For the first time in our lives, we were getting a regular wage: £120 a week to spend on what we liked. It seemed like a fortune, but then Joe was an immensely wealthy man with huge influence in all the right circles. We turned up for work one day and he introduced us to Stewart Morris, a highly respected television producer and Head of Light Entertainment at the BBC. He came straight to the point.
'I've seen your act, girls,' said Stewart, 'and it lacks polish. Your patter needs to sharpen up and I think your harmonies could do with some help, but, if we get all that right, we may be able to make stars of you yet.' Here was a man at the top of his profession telling us that he thought we had potential, so we weren't offended by some of his remarks. I'm sure there were plenty of rough edges that needed smoothing. The prospect was incredibly exciting, but we weren't nervous; we'd always been secure in the knowledge that we were all good singers with strong, individual voices.
Good as his word, Stewart introduced us to Alyn Ainsworth, musical director for the BBC and the man whose orchestra had often backed the likes of Shirley Bassey. Although our natural ability to harmonise had been at the root of our success in the northern working men's clubs, those harmonies, in truth, were far from sophisticated. We five girls would go to Alyn's fabulous apartment in Chelsea where he'd teach us to harmonise intricately, producing a sound we could scarcely believe we were capable of making.

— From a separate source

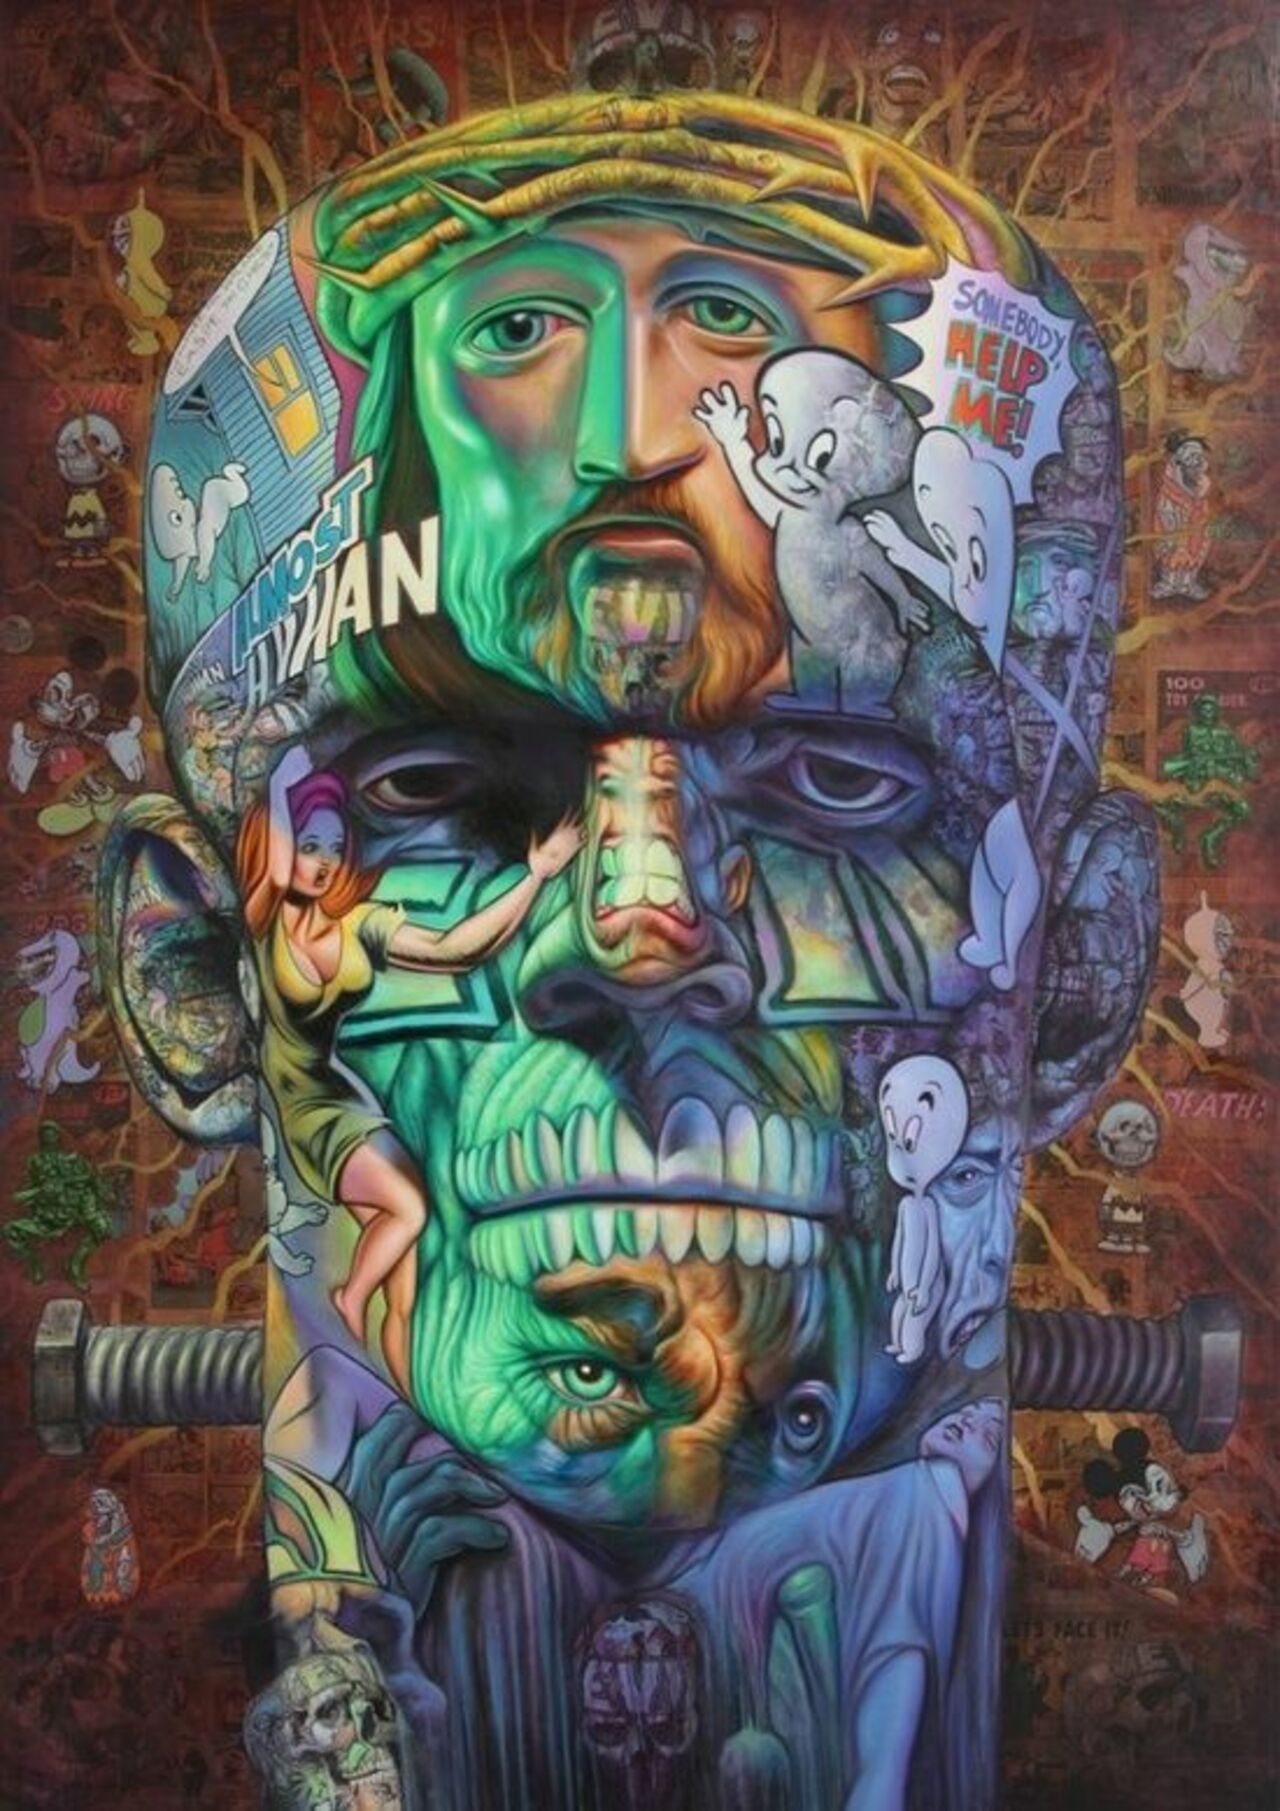 Ron English#streetart #mural #graffiti #art https://t.co/3YEeHIo8xK

Then there was our appearance. All our stage clothes were now to be made for us by professional dressmakers employed by the BBC. Some of the outfits were fantastic: we all loved the sharp white trouser suits with diamante trim and the initials NS picked out in red on the breast pocket, made by a talented Irishwoman called Jo Quill. On the other hand, we were also obliged to wear floor-length yellow dresses which we hated because they made us look and feel middle-aged. Platform soles were popular then, and I still marvel that we were able to execute complicated choreographed steps – we were taught by a man called Lud Romano – without falling flat on our faces. Off-duty, we dressed like any other young women at the time in jeans and T-shirts. We only ever wore make-up on stage.
We sang at the London Room six nights a week. When we finished each evening, the three eldest of us, along with Linda Gallagher and our cousin Angie, would go out on the town, often to the Valbonne, a club that was popular at the time, followed by the Candy Box which stayed open till seven in the morning. We'd eat breakfast at Mike's Diner off Regent Street before heading back to Ilford, sleep all day and then do the whole thing all over again.
Linda and Bernie, who were fifteen and thirteen by now, needed a special licence to perform because they were minors and still meant to be keeping up with their school-work. They attended a college in Ilford, just round the corner from where we lived, but they were burning the candle at both ends and I'm not sure their school attendance record would have stood up to too much close scrutiny. Whichever way you looked at it, it was a totally unsuitable life for girls of their age, but I don't ever remember our parents putting up any sort of objection.